When you print out your data, you will need to escape quotes and commas with the following command so that Kaggle does not complain. 

In [None]:
def escape(l):
    return l.replace("\"", "<quote>").replace(",", "<comma>")

You should perform your hyperparameter search/early stopping/write-up based on perplexity, not the above metric. (In practice, people use a metric called [BLEU](https://www.aclweb.org/anthology/P02-1040.pdf), which is roughly a geometric average of 1-gram, 2-gram, 3-gram, 4-gram precision, with a brevity penalty for producing translations that are too short.)

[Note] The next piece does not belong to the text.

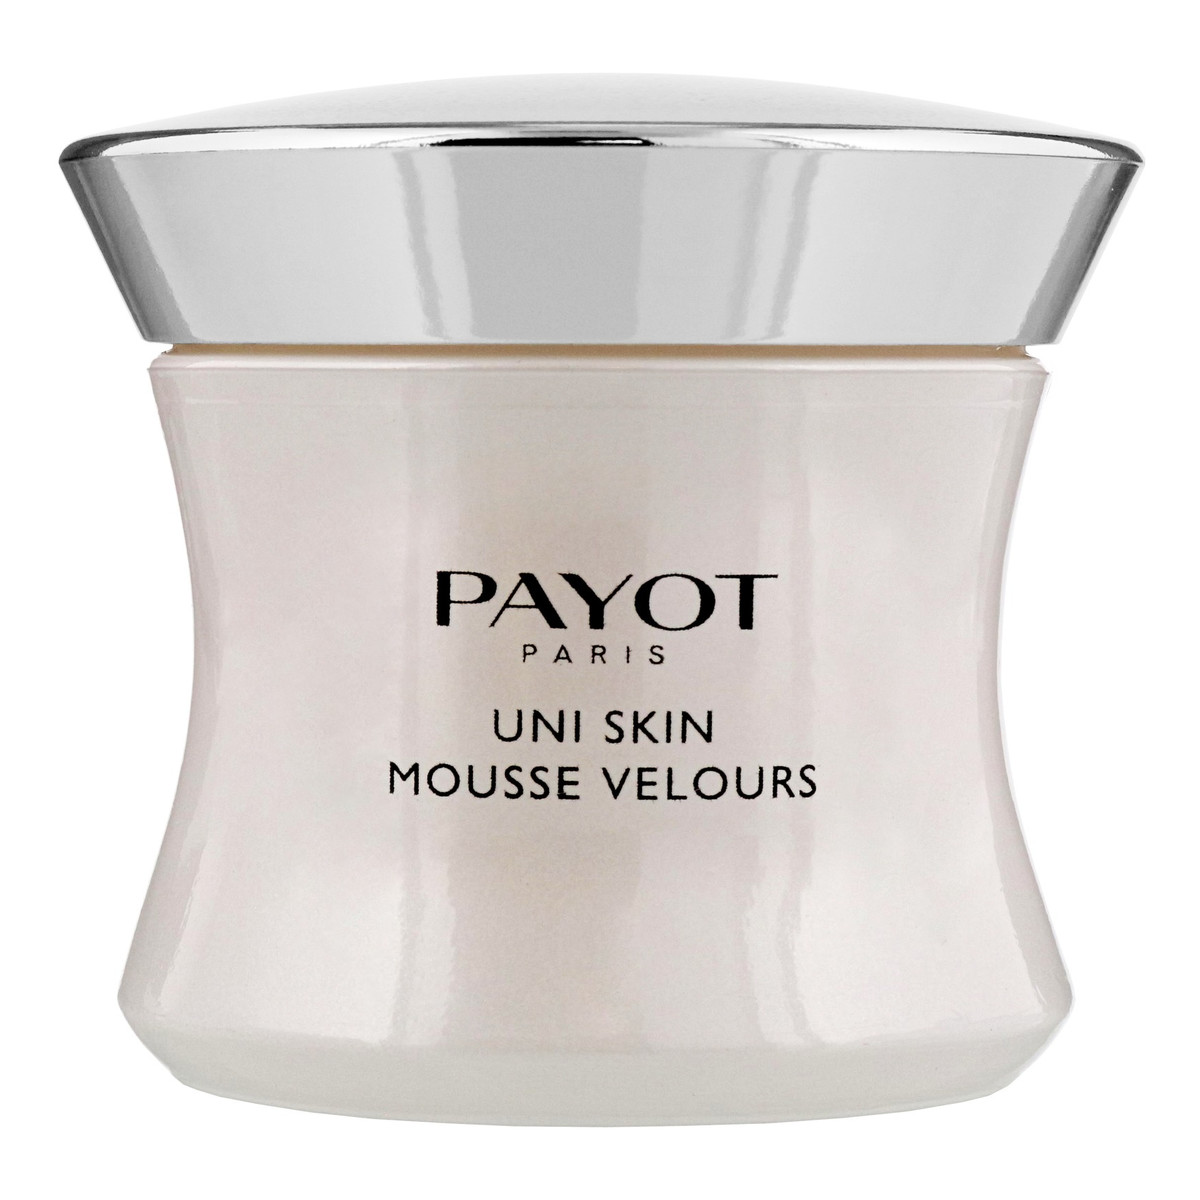 Payot Uni Skin Mousse Velours krem do twarzy na dzień 50ml

Finally, as always please put up a (short) write-up following the template provided in the repository:  https://github.com/harvard-ml-courses/cs287-s18/blob/master/template/


In [7]:
import os
os.chdir('../HW3')

In [8]:
import torch as t
import numpy as np
from torch.autograd import Variable
import torch.nn as nn
import torch.nn.functional as F
import os

os.chdir('../HW3')  # so that there is not any import bug in case HW2 is not already the working directory
from utils import *
from const import *
import argparse
import torch as t
from process_params import check_args, get_params
from const import *
from data_process import generate_iterators
from utils import *
t.manual_seed(1)

import torchtext
from torchtext.vocab import Vectors, GloVe
from utils import variable
from const import *
import numpy as np
from torch.autograd import Variable
import spacy
from torchtext import data
from torchtext import datasets
import pickle
from copy import deepcopy

In [None]:
'''class LSTMA(t.nn.Module):
    """
    Implementation of `Neural Machine Translation by Jointly Learning to Align and Translate`
    https://arxiv.org/abs/1409.0473

    NOTE THAT ITS INPUT SHOULD HAVE THE BATCH SIZE FIRST !!!!!
    """

    def __init__(self, params, source_embeddings=None, target_embeddings=None):
        super(LSTMA, self).__init__()
        print("Initializing LSTMA")
        self.cuda_flag = params.get('cuda', CUDA_DEFAULT)
        self.model_str = 'LSTMA'
        self.params = params

        # Initialize hyperparams.
        self.hidden_dim = params.get('hidden_dim', 100)
        self.batch_size = params.get('batch_size', 32)
        try:
            # if you provide pre-trained embeddings for target/source, they should have the same embedding dim
            assert source_embeddings.size(1) == target_embeddings.size(1)
            self.embedding_dim = source_embeddings.size(1)
            self.source_vocab_size = params.get('source_vocab_size')
            self.target_vocab_size = params.get('target_vocab_size')
        except:
            # if you dont provide a pre-trained embedding, you have to provide these
            self.embedding_dim = params.get('embedding_dim')
            self.source_vocab_size = params.get('source_vocab_size')
            self.target_vocab_size = params.get('target_vocab_size')
            assert self.embedding_dim is not None and self.source_vocab_size is not None and self.target_vocab_size is not None
        self.output_size = self.target_vocab_size
        self.num_layers = params.get('num_layers', 1)
        self.dropout = params.get('dropout', 0.5)
        self.embed_dropout = params.get('embed_dropout')
        self.train_embedding = params.get('train_embedding', True)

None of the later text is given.